Le petit mot que y joue le rôle du COD, et il faut remonter au nom qui le précède pour trouver le genre et le nombre. Tu vois que le raisonnement ne change pas d'un pouce : auxiliaire avoir, COD placé avant, donc accord avec lui. Seule la forme du COD est nouvelle — et c'est pour cela que le programme la garde pour plus tard.
Autrement dit, ce que tu apprends cette année n'est pas un cas particulier qu'on remplacera : c'est le cas de base, sur lequel les autres viendront se brancher.
Ce qui ne changera pas : la méthode
Voilà pourquoi ce chapitre vaut le coup d'être solide : la méthode en quatre questions ne sera pas remplacée l'an prochain. Elle sera étendue.
- Quel est l'auxiliaire ? — reste la première question, toujours.
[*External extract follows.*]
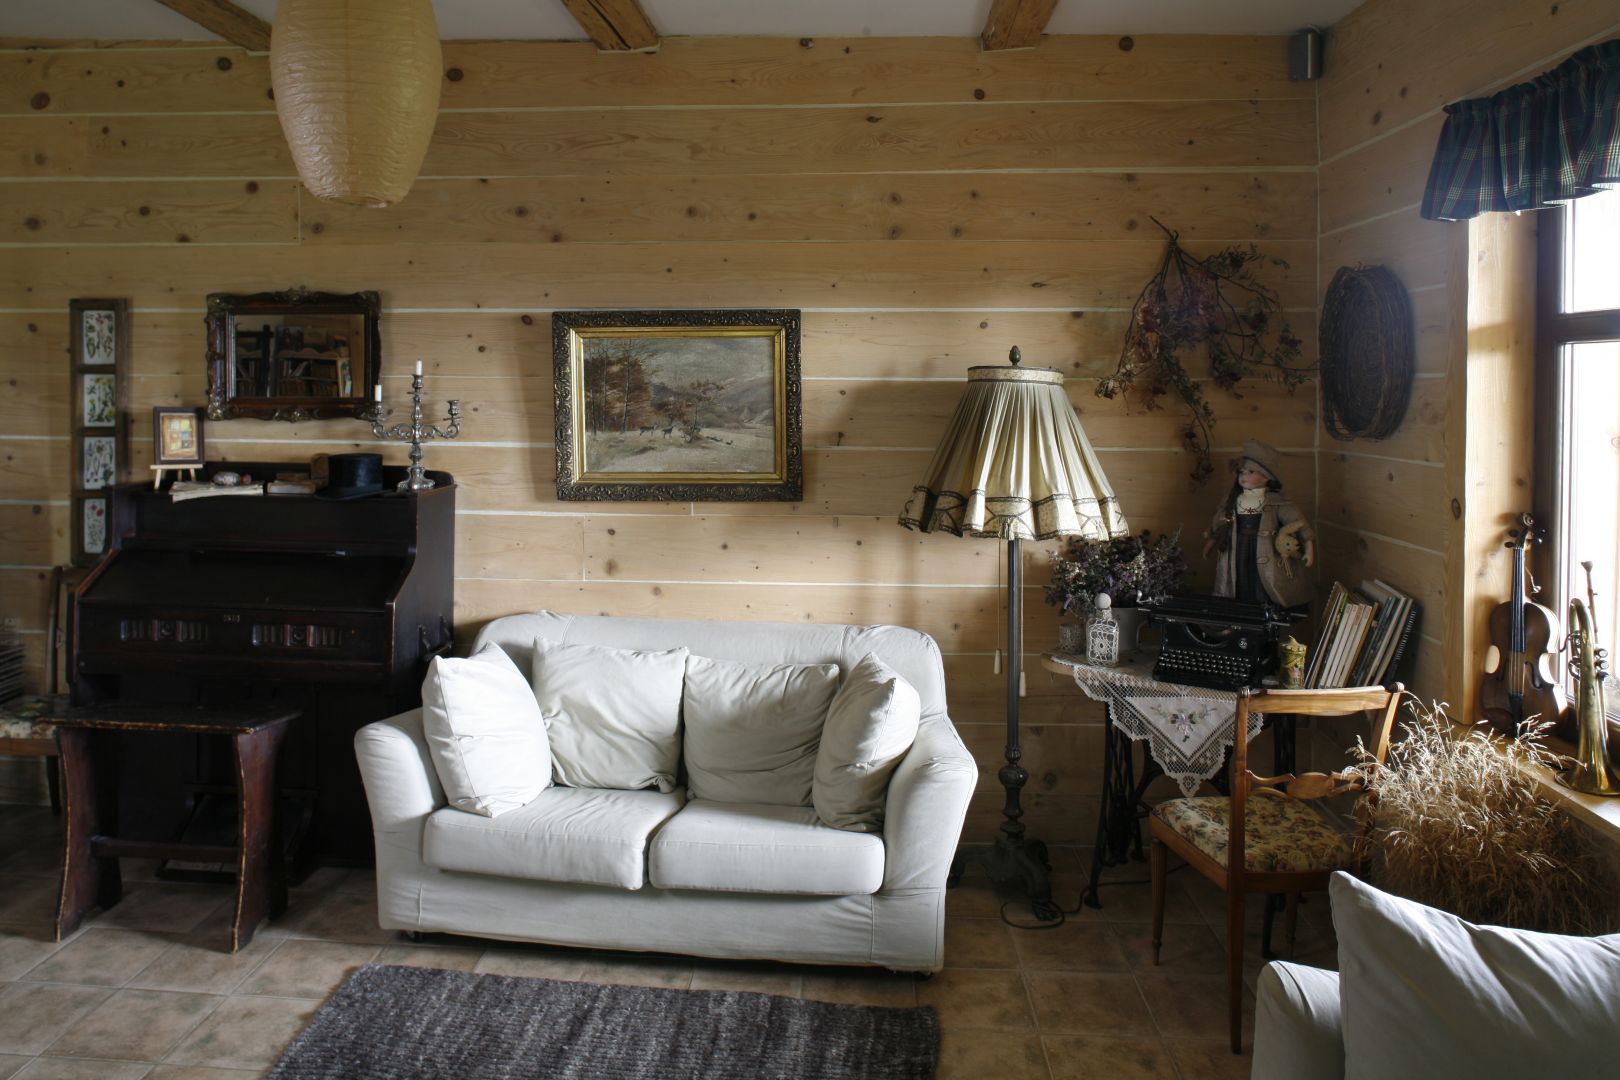 Ten salon to prawdziwe serce domu. Wrażenie przytulności potęgują drewniane ściany ozdobione obrazami w stylizowanych ramach. Projekt: Magda Lutowiska Fot. Bartosz Jarosz

Simplement, avec un verbe pronominal, la réponse est connue d'avance : être.
- Si être : cherche le sujet. — reste vrai, sauf pour les pronominaux, où il faudra d'abord regarder le pronom réfléchi.
- Si avoir : pose « quoi ? » ou « qui ? ». — ne bouge pas d'un mot. Cette question te servira jusqu'en terminale.
- Le COD est-il avant ou après ? — ne bouge pas non plus, et devient même l'outil qui départage Elles se sont promenées de Il s'est cassé la jambe.
Autrement dit : si tu sais aujourd'hui repérer un auxiliaire, trouver un COD et dire s'il est avant ou après, tu possèdes déjà les trois quarts de la machinerie qu'on te demandera l'an prochain. Ce qui s'ajoutera — le participe adjectif, la nature exacte des pronoms, le cas pronominal — se branche sur cette base sans la contredire.
Le conseil pour l'été, s'il n'y en avait qu'un : entraîne-toi à dire à voix haute, sur n'importe quelle phrase au passé composé, « auxiliaire… donneur d'accord… forme ». Trois mots. C'est le geste qui te suivra pendant tout le collège et tout le lycée.